Wysyłałem listy na tę loterię, w zeszłym roku, i w tym, ale nie trafiłem. Kiedyś pojechałem nawet osobiście do Waszyngtonu, własnoręcznie wrzuciłem 1000 listów, tak bardzo chciałem dostać tę „kartę”. I co? I nic!  Jeden taki, z którym kiedyś razem  mieszkałem, obibok, cwaniak, za cash robi, podatków nie płaci, wysłał dwa listy; dla siebie, i dla brata. Obaj wylosowali wizę. Los się sprzysiągł przeciwko mnie. Ale ja nie ustaję. Muszę ten pobyt dostać!

– Kiedy w Polsce zmienił się rząd, straciłem całkiem szansę na azyl. Ilu ja się adwokatów nie pytałem; a może jest jakiś sposób, jakieś prawo? Słyszałem na przykład, że jak ktoś posiada co najmniej 500 akrów ziemi, to ma prawo do stałego pobytu. Byłbym kupił tę ziemię, bo w Montanie czy w Wyoming można kupić akr skalistego gruntu za paręset dolarów, dowiadywałem się w tej sprawie, ale powiedziano mi, że takiego prawa jednak nie ma. Gdyby człowiek miał pieniądze, tak jak jeden Austriak, co przyjechał do Nowego Jorku, kupił za pięć milionów fabrykę i dostał pozwolenie na osiedlenie się. Czy taki Murdoch, miliarder z Australii, wykupił stację telewizyjną i ma stały pobyt. Ja nie mam takich pieniędzy, a poza tym uważam, że na obywatelstwo trzeba sobie zasłużyć. Ci, co się tu urodzili, owszem, oni mają to obywatelstwo przez przypadek, no bo się urodzili. Ale imigranci? Ci powinni dowieść, że są warci zostania obywatelami Najpotężniejszego Państwa Świata.

Krzysztof wstaje, pręży się i salutuje w kierunku swej flagi. Jest wzruszony. Przełyka ślinę. Porusza nerwowo ustami. I znowu salutuje.

– To nie jest w porządku, że jakiś Austriak, tylko dlatego, że ma pieniądze zostanie obywatelem. A jeśli on nie jest amerykańskim patriotą, i chce się osiedlić w Ameryce tylko dlatego, że tutaj łatwiej jest robić pieniądze?

Boli mnie to, że pieniądze liczą się bardziej niż moje wartości, moja miłość do tego kraju.  Krzysztof znowu wstaje i salutuje. Tym razem trzyma wyprężoną dłoń przy czole przez dłuższy czas. W jego oczach pojawiają się łzy.

– Adwokat poradził mi, żebym wziął ślub. Nigdy bym nie zawarł fikcyjnego małżeństwa, tylko po to, by otrzymać stały pobyt. To oszustwo! Ja chcę sobie na obywatelstwo amerykańskie zasłużyć; swoją postawą, swoją miłością do Ameryki. Jeśli mam zostać obywatelem, to tylko dlatego, że Ameryka mnie chce.

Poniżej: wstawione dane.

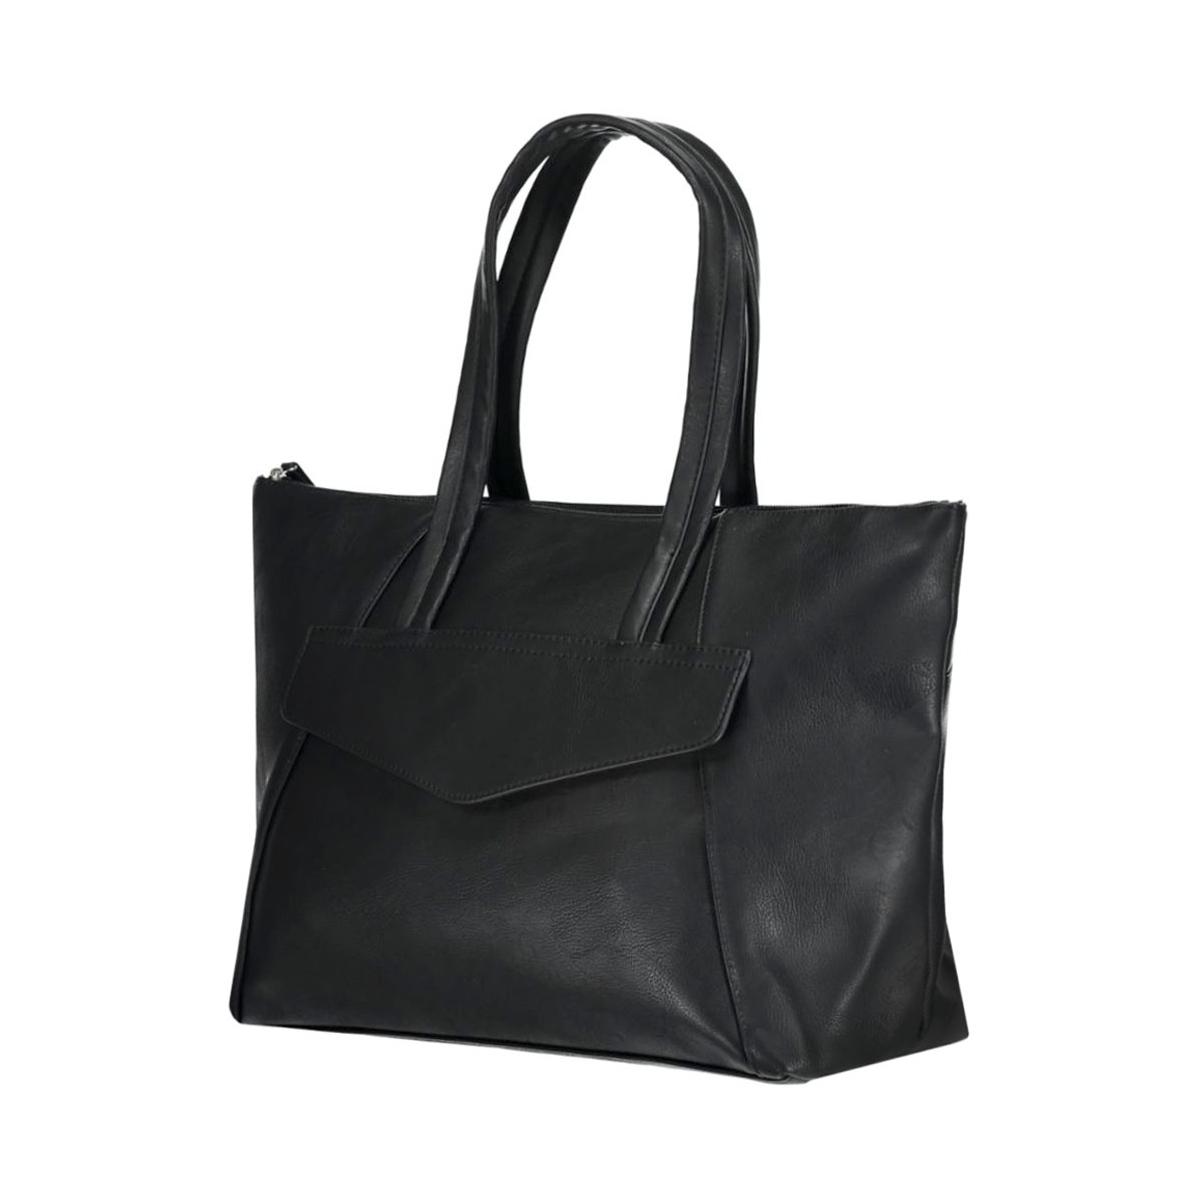 Tassen Pieces : Pcsawyer bag pieces tassen black

Poznałem kiedyś dziewczynę. Amerykanka greckiego pochodzenia. Miła, ładna, była fryzjerką, miała niewielki, ale własny zakład; oszczędna, pracowita. Była mną poważnie zainteresowana. Nie powiedziałem jej oczywiście, że nie mam stałego pobytu i jestem tu nielegalnie. Może by coś z tego związku wyszło, bo i mnie się początkowo podobała, ale zniechęciła mnie do siebie. Nie mógłbym żyć pod jednym dachem z osobą, która oszukuje na podatkach. Wiedziałem ile zarabia, bo mi wszystko mówiła, a potem w inkamtaksie podawała jedną trzecią tej kwoty. Kompletnie mnie tym do siebie zraziła. To ja płacę zawsze kilkaset dolarów więcej niż muszę, a ona okrada państwo amerykańskie?! Ostrzegłem ją, że jeśli nie zmieni swego zeznania podatkowego i nie poda prawdziwych zarobków, to z nią zrywam. Wyśmiała mnie, więc zerwałem.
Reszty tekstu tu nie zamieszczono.